Looking to do my first pneumatic props this year, I just got some 16" throw Bimba cylinders off eBay cheap. 

However, I don't have a welding outfit. Can I drill and bolt the framework together or does it have to be welded. I'll use 3/4" steel square tubing; a friend with a metal shop in Chicago offered scraps at no charge (I'll pay freight). Is 3/4" steel overkill? He said whatever I need. 

Any advice is appreciated. :googly:


----------



## Brad Green (Jul 29, 2004)

Lots off people bolt rather than weld, so that shouldn't be a problem. If you haven't already, go to http://www.hauntproject.com/ and check out the pneumatic prop category, you'll find a number of them there. As to the question of tubing size, that depends on what your'e making and the cylinder bore size. Thin-wall should be ok, but the heavier stuff will require more 'omph' to lift. I've actually seen pneumatic props built on wood frames (not sure I'd recommend it) and they seemed to work pretty well. Just keep in mind, more weight requires more cylinder (and air pressure) to get it too move.


----------



## Death Master (Jul 1, 2007)

I personely weld all my frame work, but bolting will work, as far as the size of tubing depends on what your building, I like to use 1.25 for the base frame and spines for my animatronics, and for anything thats going to take a lot of stress for movement like lifting 4bar mechanisms, and as I go up I use smaller stuff .50 to .25 for the rest of the armature (ribs, hips,and arms.) sometimes I'll use 1/8 bar stock for lighter armatures, but like Brad Green stated above "it depends on what your making".


----------



## Lotus (Nov 12, 2004)

Bolting works good, If I can find some free time I can weld for you


----------



## dynoflyer (Oct 8, 2006)

Thanks, Lotus! I'll let you know - maybe I'll get a mig welder and ask you to show me how.


----------



## Lotus (Nov 12, 2004)

dynoflyer said:


> Thanks, Lotus! I'll let you know - maybe I'll get a mig welder and ask you to show me how.

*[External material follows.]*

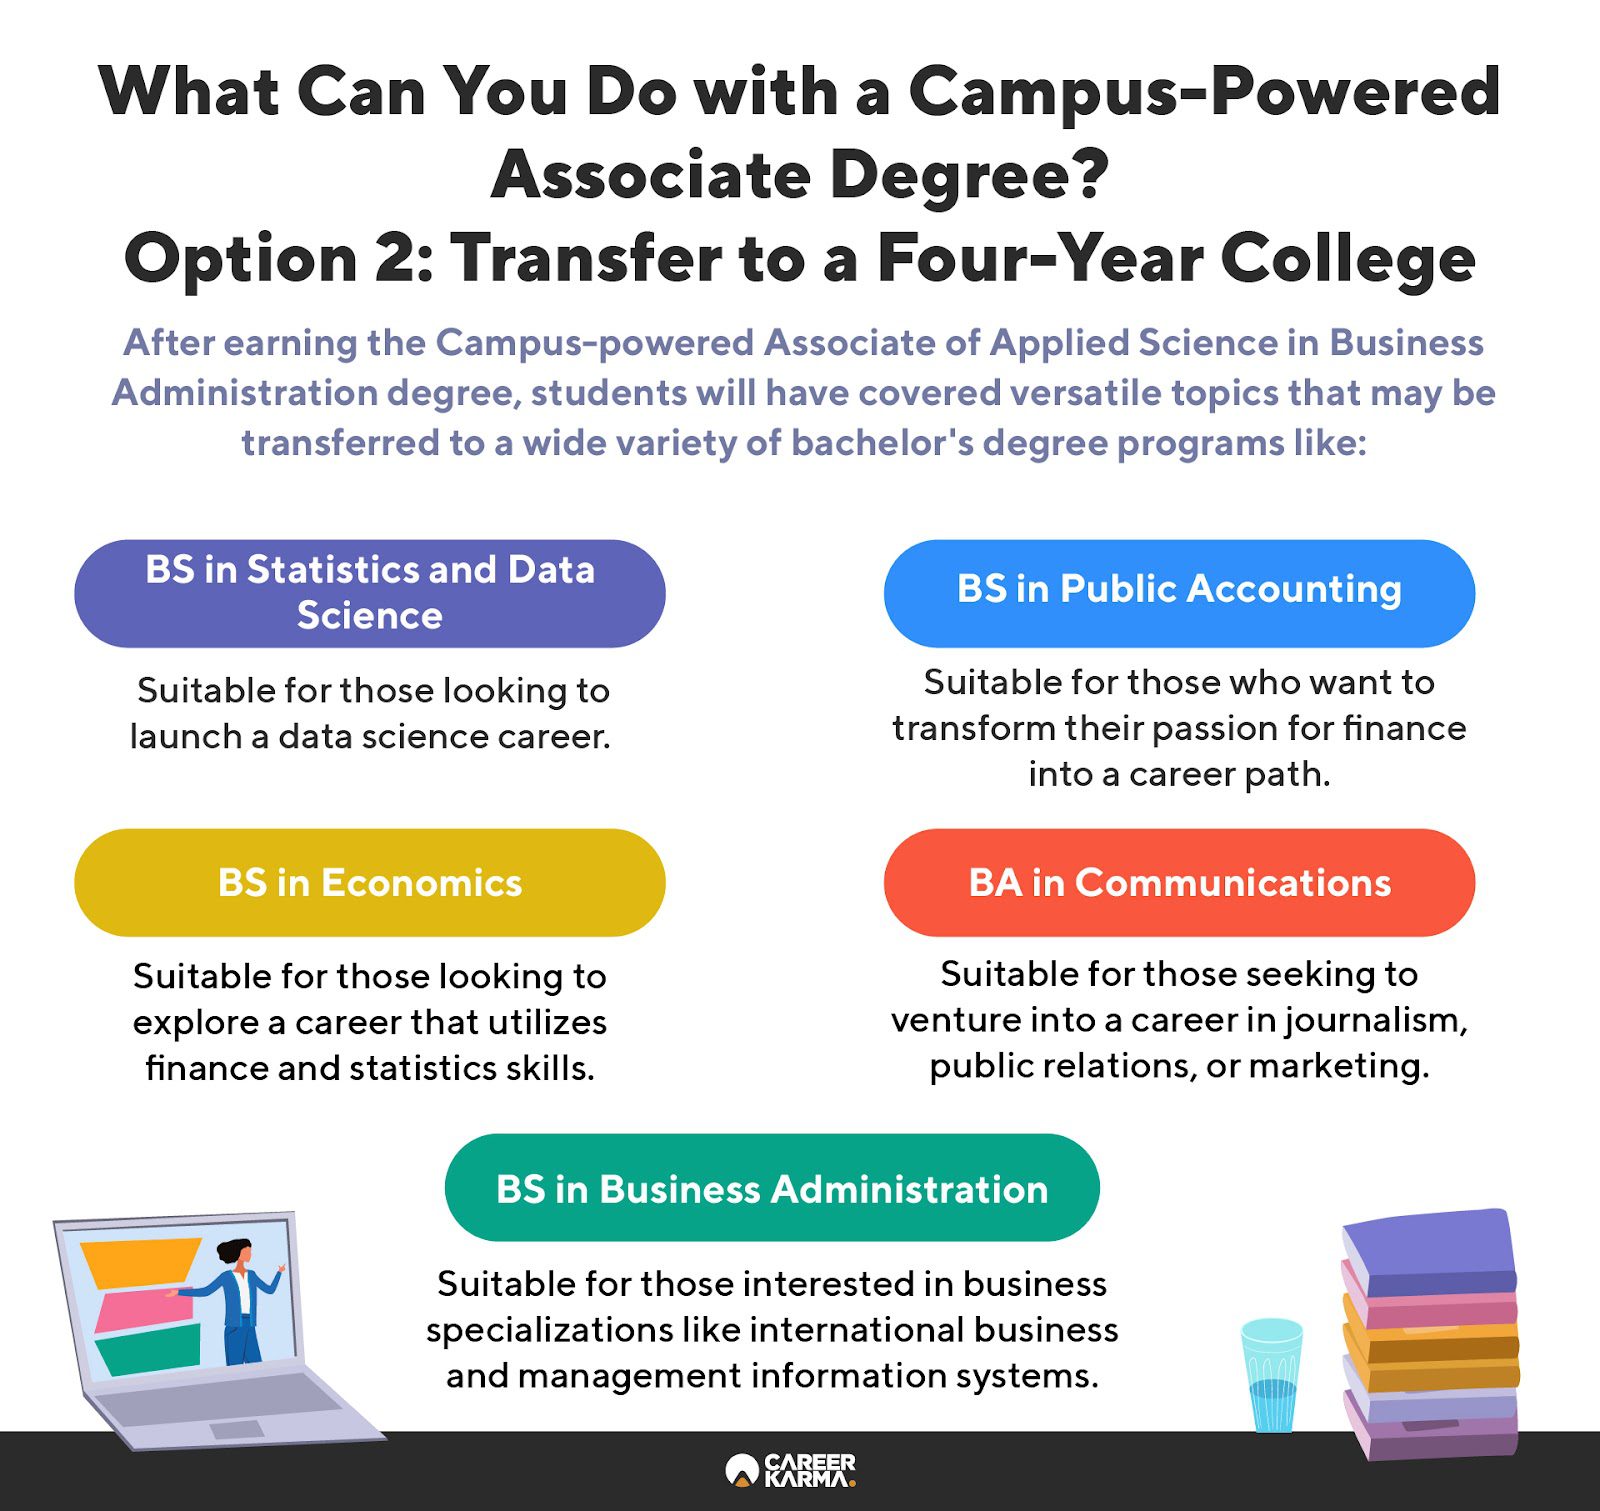 An infographic highlighting the bachelor’s degrees you can pursue after Campus
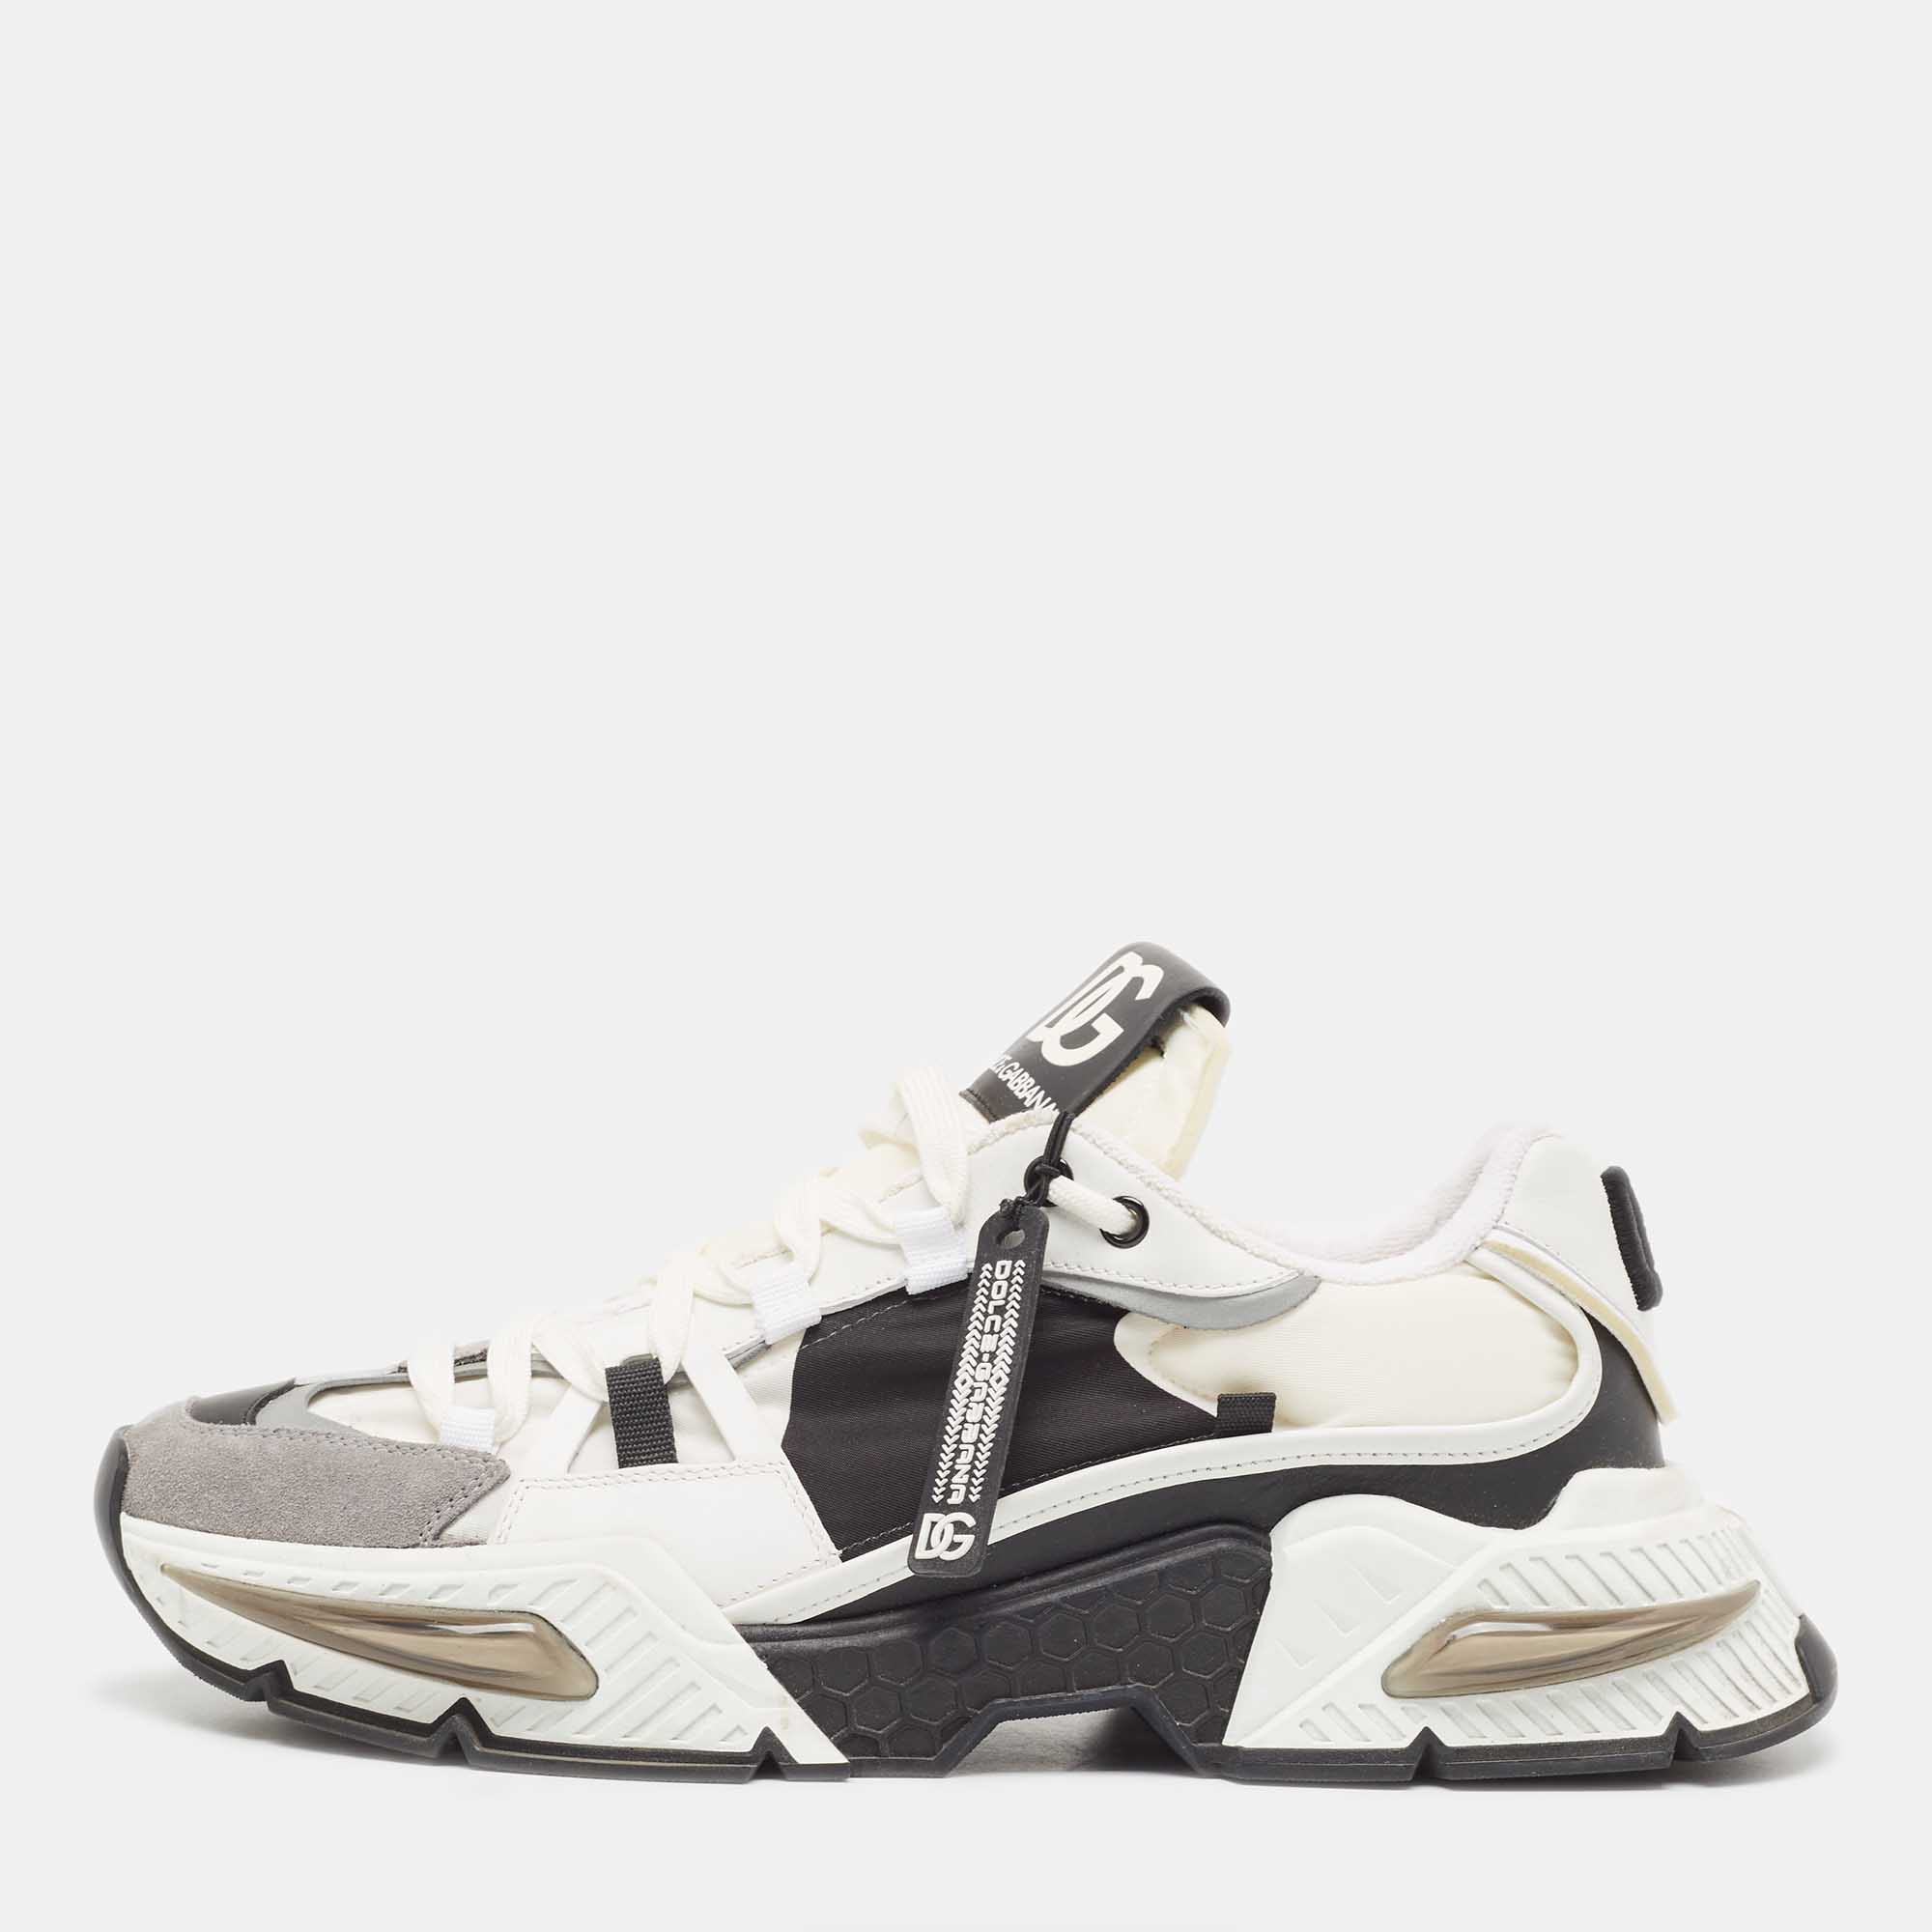 

Dolce & Gabbana White/Black Neoprene and Suede Airmaster Sneakers Size

You can get a mig welder for cheap


----------



## dynoflyer (Oct 8, 2006)

My BD is coming up, a great excuse to get one of the cheapo mig welders from Harbor Freight! woo-hoo!


----------



## DarkShadows (Feb 6, 2006)

I have the 100$ Harbor frieight welder and it works pretty good for what it is. If your only going to do small projects with it, it's a great deal. And um, can you tell your friend that theres a kid in chicago that could use some scrap peices also


----------



## Lotus (Nov 12, 2004)

DarkShadows said:


> I have the 100$ Harbor frieight welder and it works pretty good for what it is. If your only going to do small projects with it, it's a great deal. And um, can you tell your friend that theres a kid in chicago that could use some scrap peices also


Hahahahaha we all need scrap


----------



## CoolDJTV (Jun 28, 2011)

Pvc


----------